CPI score for the loss of attachment (LOA) (CPI-AL) in all the three groups under 1 was 65.0% in Group I, 36.7% in Group II and 60.0% in Group III; CPI score for the LOA (CPI-AL) in all the three groups under 2 was 35.0% in Group I, 61.7% in Group II and 26.7% in Group III and CPI score for the LOA (CPI-AL) in all the three groups under 3 was 1.7% in both Groups II and III [Table 5]. The difference between the groups was statistically significant [Table 3].
The mean value for the OHI-S score in Group I was 1.77 ± 0.43, in Group II, it was 1.70 ± 0.65 and in Group III, it was 1.73 ± 0.55. When OHI-S scores were compared between the groups, there was no statistically significant difference (P > 0.05). The mean values of the CPI-PD score were 3.32 ± 0.47 in Group I, 2.17 ± 0.46 in Group II and 2.67 ± 0.54 in Group III, with a statistically significant difference between the groups (P < 0.05). The mean values of the LOA score were 1.35 ± 0.48 in Group I, 1.65 ± 0.51 in Group II and 1.18 ± 0.65 in Group III, with a statistically significant difference when compared between the groups (P < 0.05) [Table 3].

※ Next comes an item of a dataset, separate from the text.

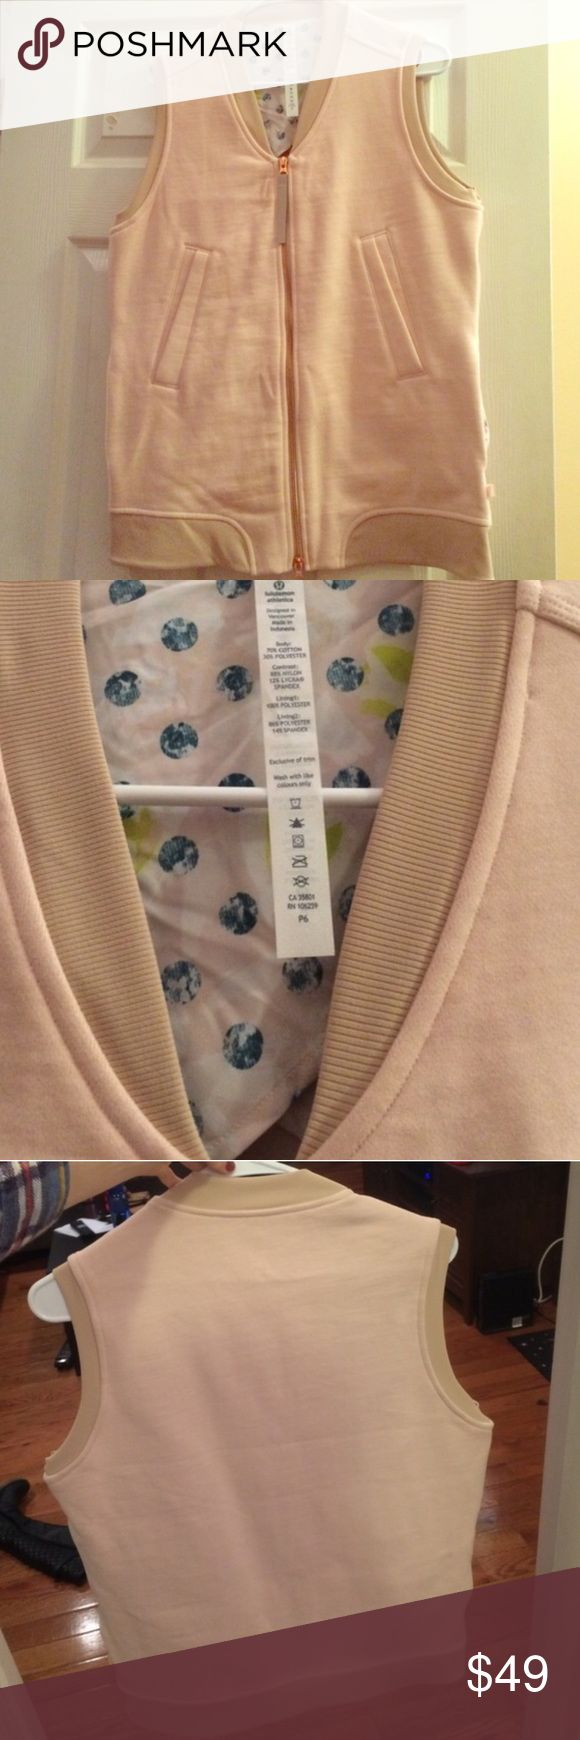 NWOT lululemon vest Brand new without tags size 4 lululemon vest. Color is light pink. Normally $148. Never worn lululemon athletica Jackets & Coats Vests

When pairwise comparisons of OHI-S in between the groups were assessed, no statistically significant difference with P values was seen among Group I versus Group II (0.100), Group I versus Group III (0.100) and Group II versus Group III (0.100). No statistically significant difference was seen when P values of CPI-PD were compared between Group I versus Group II (0.000), Group I versus Group III (0.000) and Group II versus Group III (0.000). A statistically significant difference with P values for LOA was seen between Group I versus Group II (0.010) and Group I versus Group III (0.228). No statistically significant difference was observed between Group II versus Group III (0.000), suggesting that smokeless tobacco usage causes a greater amount of attachment loss than tobacco smoking [Table 6].
| Discussion|| |
The present study was designed to evaluate the effect of tobacco consumption, i.e., smoking and smokeless tobacco consumption, on the periodontal status. Numerous studies have identified tobacco smoking as a significant risk factor for periodontal disease and increased tooth loss.,,, In the present study, the OHI-S scores were almost similar in all the groups, though smokers had higher scores of category two than non-users and tobacco chewers; the difference between the groups was not statistically significant. According to Sreedevi et al., OHI-S scores were similar in smokers and non-smokers, with less clinical gingival inflammation being observed in smokers.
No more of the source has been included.